Why organisations should steer clear of running shared services centres that provide services to outside organisations

While an organisation may be able to make money by expanding its internal shared services operation to sell services to third parties, Ross said that such an approach should be avoided.

“These do not tend to be long-term successes and there are obvious reasons why,” Ross said.

“You have this problem of sub-optimising what you are doing internally in order to meet the needs of external customers.

“I don’t think that we have ever learnt how to resolve that.”

How analysing business data will provide organisations with a competitive edge

“Becoming really good at using information effectively is really hard but essential. It absolutely is going to be a source of competitive advantage,” Ross said.

Before organisations can effectively analyse business information they need to first identify where the same information is being captured multiple times across the variety of databases that will exist within the average business, Ross said.

“We need them to be consistent – that’s why there’s so much emphasis on master data management,” she said.

Once an organisation has simplified the way it captures data it can begin properly linking that data to other information that it has, and use it to gain insights into the best way to run that organisation.

“You read the literature and you would think that this had been going on since 1990, but this hasn’t been going on because we couldn’t work out how to do it. It’s incredibly hard to do this well,” Ross said.

An example given by Ross is 7-Eleven Japan, a Japanese retail store studied by CISR, which uses data such as what products sold yesterday or on the same day last year to help predict what goods are likely to sell on any particular day.

However, Ross believes that, in general, organisations are still too uncertain about the exact nature of the information that is being captured to be able to use it to gain truly useful insights.

“There’s still much confusion around what are the attributes of the customer that we can all agree on across the organisation and how to capture those attributes consistently,” she said.

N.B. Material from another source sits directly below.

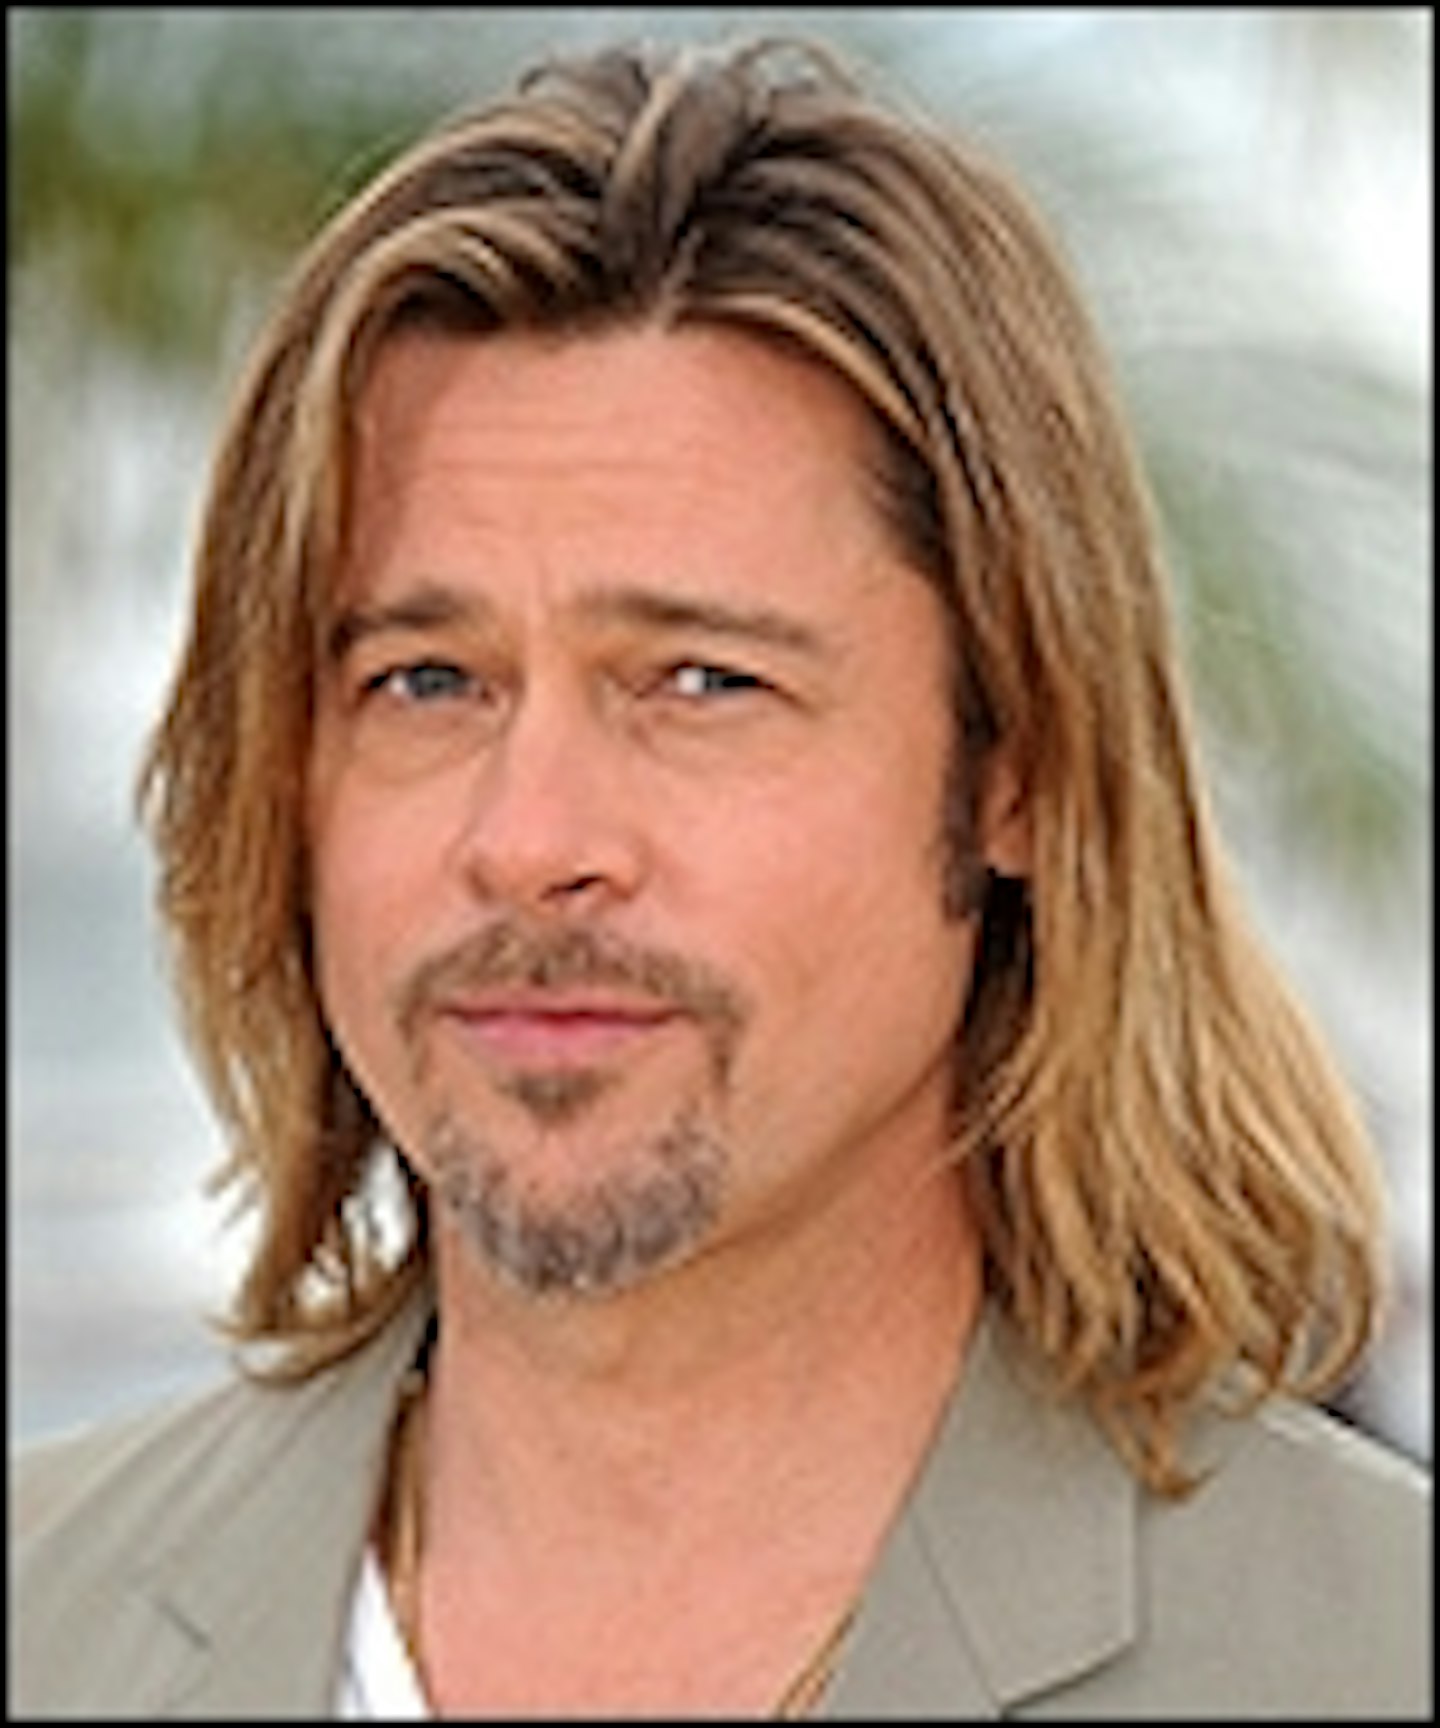 Now Brad Pitt Might Go Like Hell

“It’s not like that’s a technical problem – if nobody knows what they’re talking about and you can’t fix that technically.”

There is also a lot of potential for organisations to gain useful insights from unstructured data: data that is not stored within the organisation’s databases.

Ross gave the example of how 7-Eleven Japan could use weather reports to predict what kind of meals might be popular on a given day, for instance in general hot meals would be more likely to sell on a cold day.

However, said Ross, most organisations are a long way from being able to routinely analyse such information.